▶ **WHAT TO WORK ON**:
When you output the entries, begin with the first line and end with the line containing "2020年中秋节校园手抄报图片简单漂亮模版大全(四):中秋佳节", keeping each line exactly as it is.

▶ **THE DATA**:
○ ○ ○ ○ ○

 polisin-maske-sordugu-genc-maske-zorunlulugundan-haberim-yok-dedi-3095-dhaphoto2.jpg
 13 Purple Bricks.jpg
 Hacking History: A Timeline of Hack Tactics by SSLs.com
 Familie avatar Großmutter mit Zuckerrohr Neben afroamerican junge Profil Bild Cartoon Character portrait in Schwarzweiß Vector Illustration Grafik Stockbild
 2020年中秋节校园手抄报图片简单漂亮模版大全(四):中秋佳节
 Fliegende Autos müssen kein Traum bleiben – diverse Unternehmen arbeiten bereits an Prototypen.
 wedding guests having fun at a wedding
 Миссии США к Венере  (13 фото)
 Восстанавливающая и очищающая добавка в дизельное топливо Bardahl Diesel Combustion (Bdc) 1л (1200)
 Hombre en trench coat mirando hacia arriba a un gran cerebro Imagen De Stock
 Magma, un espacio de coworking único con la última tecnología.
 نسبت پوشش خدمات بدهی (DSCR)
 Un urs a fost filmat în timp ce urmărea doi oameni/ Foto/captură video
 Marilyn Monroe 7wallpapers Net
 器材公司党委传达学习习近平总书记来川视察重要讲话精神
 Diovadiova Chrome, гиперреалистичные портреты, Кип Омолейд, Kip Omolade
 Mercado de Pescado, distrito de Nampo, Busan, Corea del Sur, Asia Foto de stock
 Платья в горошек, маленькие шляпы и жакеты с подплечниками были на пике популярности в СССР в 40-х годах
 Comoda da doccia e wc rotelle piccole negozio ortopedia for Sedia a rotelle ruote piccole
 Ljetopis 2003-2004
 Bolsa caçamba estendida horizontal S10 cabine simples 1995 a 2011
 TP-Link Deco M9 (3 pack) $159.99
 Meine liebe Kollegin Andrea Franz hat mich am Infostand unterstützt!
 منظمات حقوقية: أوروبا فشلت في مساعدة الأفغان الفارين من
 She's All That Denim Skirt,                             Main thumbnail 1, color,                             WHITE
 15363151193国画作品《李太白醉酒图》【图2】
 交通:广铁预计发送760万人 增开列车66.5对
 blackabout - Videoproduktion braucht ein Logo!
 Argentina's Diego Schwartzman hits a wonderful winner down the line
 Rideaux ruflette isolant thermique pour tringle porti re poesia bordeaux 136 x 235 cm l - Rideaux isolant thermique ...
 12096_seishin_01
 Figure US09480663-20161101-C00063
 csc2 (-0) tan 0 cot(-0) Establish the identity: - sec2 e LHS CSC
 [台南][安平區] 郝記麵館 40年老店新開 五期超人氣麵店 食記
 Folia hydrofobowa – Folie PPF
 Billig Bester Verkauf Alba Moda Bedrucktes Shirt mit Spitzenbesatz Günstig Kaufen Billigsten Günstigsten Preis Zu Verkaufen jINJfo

○ ○ ○ ○ ○

▶ **YOUR RESPONSE**:
 polisin-maske-sordugu-genc-maske-zorunlulugundan-haberim-yok-dedi-3095-dhaphoto2.jpg
 13 Purple Bricks.jpg
 Hacking History: A Timeline of Hack Tactics by SSLs.com
 Familie avatar Großmutter mit Zuckerrohr Neben afroamerican junge Profil Bild Cartoon Character portrait in Schwarzweiß Vector Illustration Grafik Stockbild
 2020年中秋节校园手抄报图片简单漂亮模版大全(四):中秋佳节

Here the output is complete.